Twilight of the Oligarchs (Dmitry Orlov)

Last week I published a brave prediction: “I see the political elites and their oligarch puppet-masters becoming endangered species in the United States before too long as the populace, including their own bodyguards, turns against them.” As usual, I made no attempt to specify what I mean by “before too long” because making predictions as to timing is a fool’s game. And, as usual, I got a flurry of emails expressing a wide range of rationalizations but all adding up to the same sentiment: “not any time soon.” Some people thought that the populace, consisting as it does of zombified overfed clowns addicted to Facebook and internet porn is unlikely to stage the revolution.

Others thought that the oligarchy will manage to manipulate financial markets, destroy one country after another in order to drain all remaining wealth out of the world and consume it, and by so doing manage to placate the populace with bread and circuses, well into the future. The bodyguards are unlikely to rebel, some said, because they are so well paid. Getting back to basics, it is a fairly obvious and increasingly well-recognized fact that the American empire, the empire of military bases, the Federal Reserve, the IMF and the World Bank, is on its way out. And it is a well-known fact about empires that when they fail those who held positions of power and privilege within them are quickly recycled into punching bags and pincushions. Oddly, nobody mentioned any of the mechanisms by which this transformation tends to take place, so I thought I’d mention them briefly.

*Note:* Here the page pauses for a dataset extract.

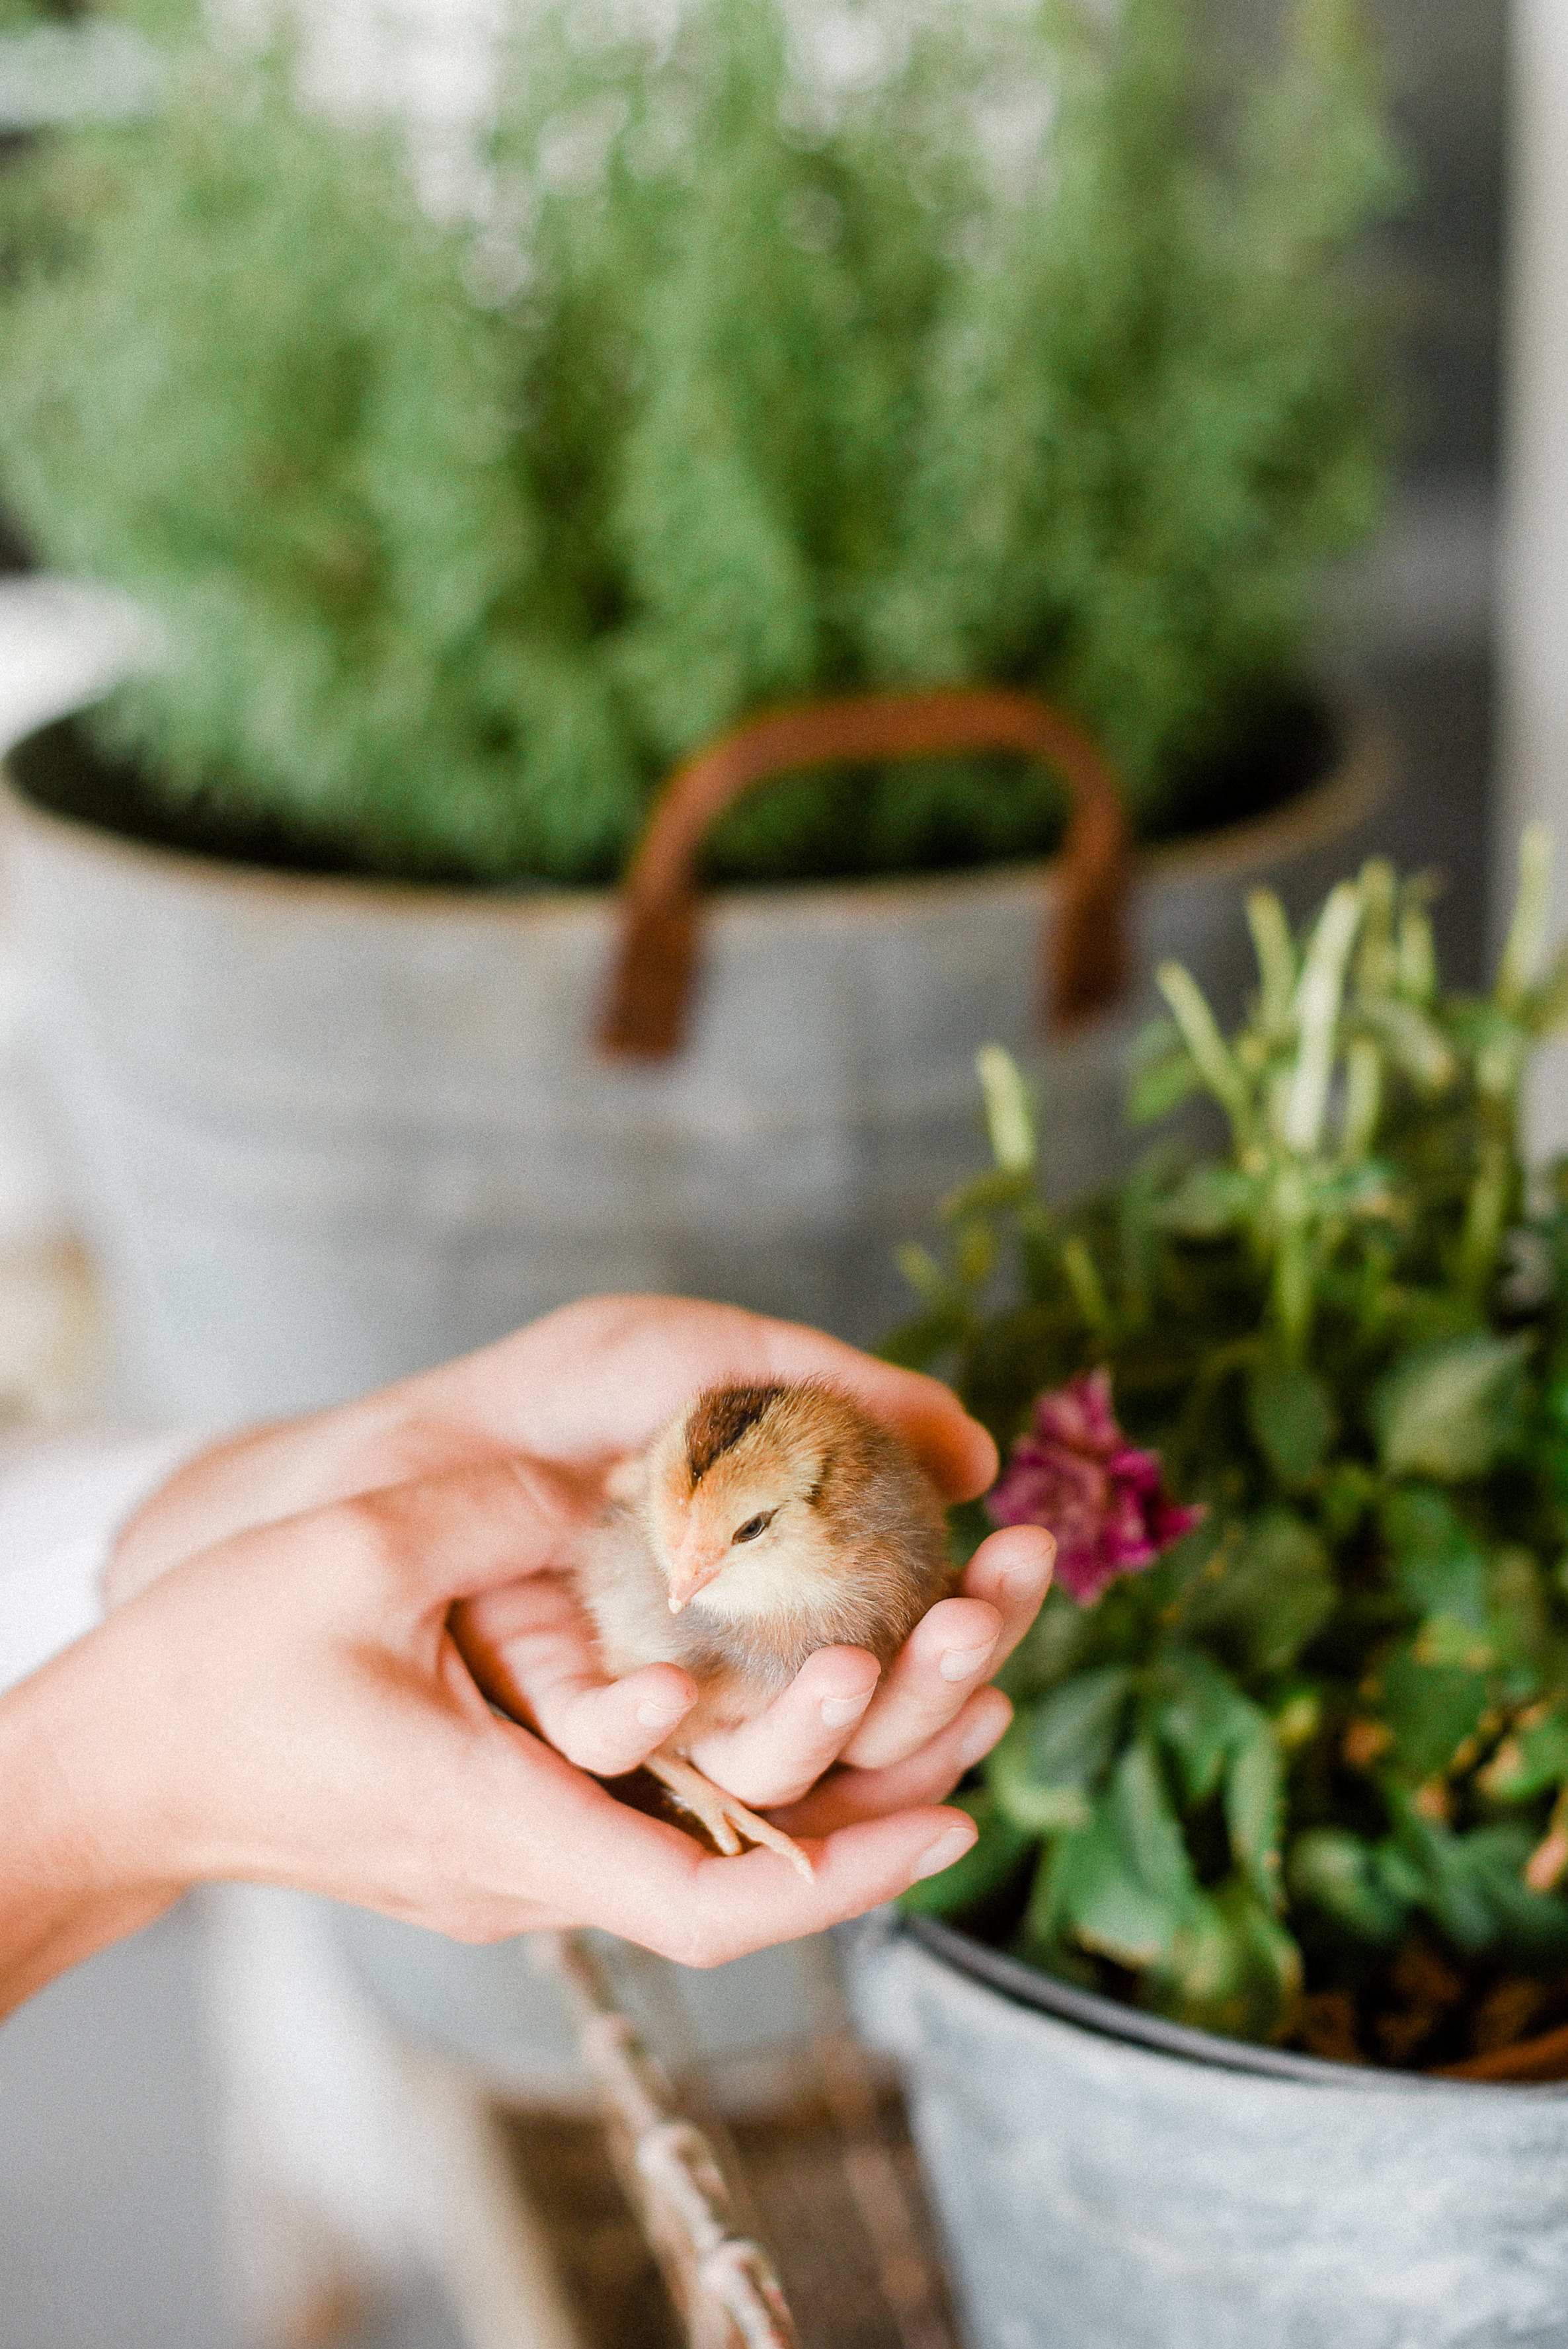 Raising chicks - tips for keeping backyard chickens boxwoodavenue.com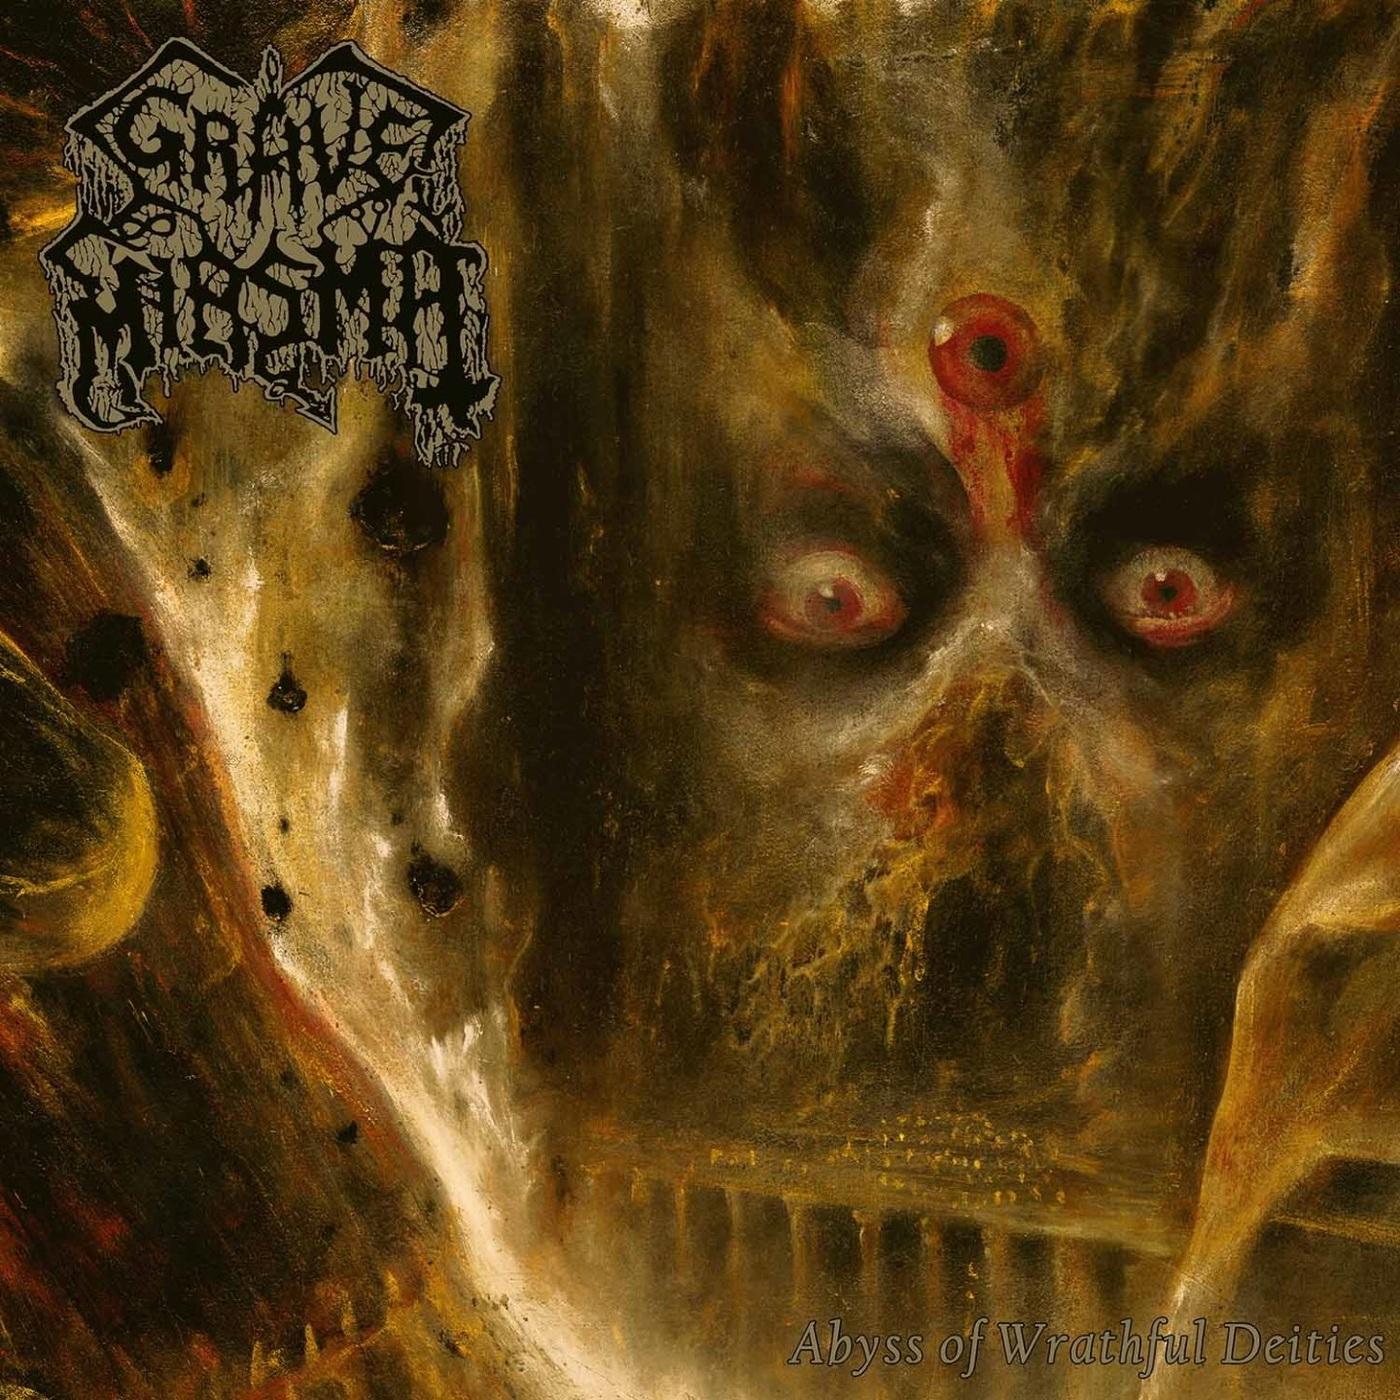 Grave Miasma - Abyss Of Wrathful Deities - 2021

First, when empires start falling apart, this is manifested in a few ways. One is loss of control over the periphery, as a shrinking pool of resources is used to shore up the center. Another is loss of control over the use of violence, as a wide variety of violent entrepreneurs enter the scene and the center is forced to play them against each other and make deals with them. And as the unraveling progresses, the violent entrepreneurs develop agendas of their own, which, inevitably, involve having the cooperation flow the other way: instead of cooperating with those formerly in charge, they demand that those formerly in charge start cooperating with them. And it is here that the scene turns bloody.